Просто Курт вдруг подумал, что он, возможно, недостаточно был хорош для ангела. Он был не очень добрый — он готов был это признать. Это было первое. Он убивал миленьких животных. Это было второе. И, наконец, третье: он ненавидел своего отца. В Ваике целая глава посвящена родителям и их взаимоотношениям с детьми. Также как они должны были любить своё чадо, также и чадо должно было любить их в ответ. Иначе это была не семья. А раз кровные родственники не вели себя как таковые, значит, это были плохие люди. Всё было довольно просто, но теперь Курт перепугался, что мог стать демоном.

А демонов все ненавидят. Это худшее, что вообще могло с тобой произойти. Это клеймо на всю бессмертную жизнь. Ни о каком покое и речи идти не может.

— А что такого можно сделать, чтобы ты стал демоном? — решился на вопрос Курт.

Екуи тут же укоризненно стукнула его по голове. От удивления и от боли Курт вскрикнул, прижавшись к макушке и медленно её потирая. Горничная смотрела на него испепеляющим взглядом. Такой озлобленной Курт её редко видел.

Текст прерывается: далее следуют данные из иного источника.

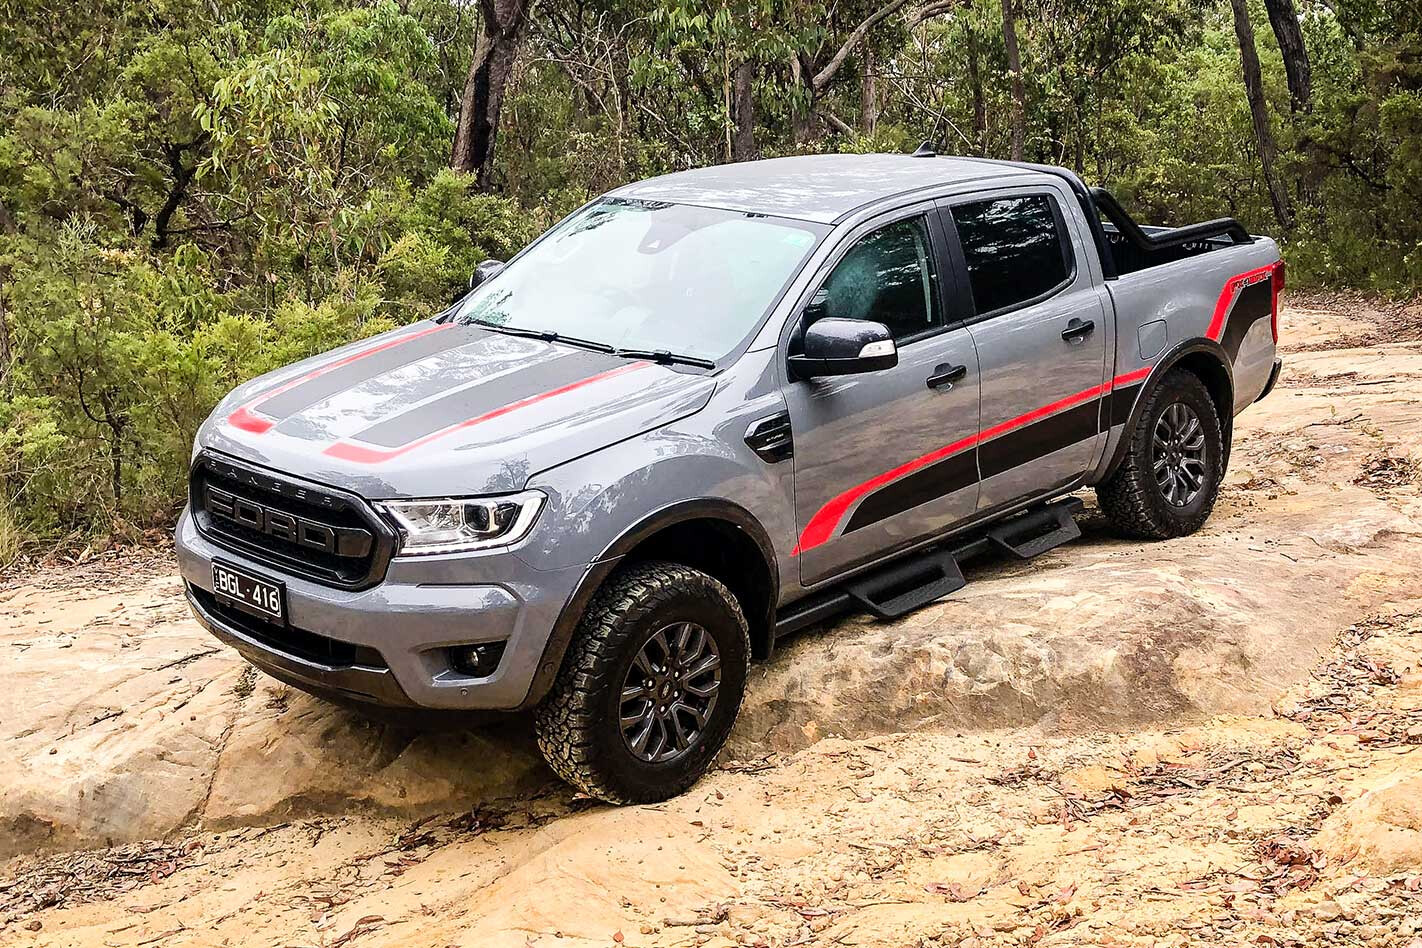 Ford Ranger FX4 MAX off-road review

Он немного испугался её гнева, хотя доверял горничной и знал, что вреда она не причинит.

— Я тебе сейчас стану демоном! — укоризненно сказала она, снова стукнув по голове.

— Я же просто спросил...

— Не надо ни спрашивать, ни думать об этом! Такие мысли из головы нужно сразу выкидывать! — Екуи взяла в руки его лицо. — Они вредные. Понял?

Курт слабо кивнул, слегка трясясь и дрожа от страха.

Екуи удивлëнно моргнула, обречённо вздохнула и погладила Курта по волосам.

— Прости, — пробормотала виновата она, — просто будь хорошим мальчиком, ладно? Я не хочу, чтобы ты был демоном. Ты этого не заслуживаешь, Мик.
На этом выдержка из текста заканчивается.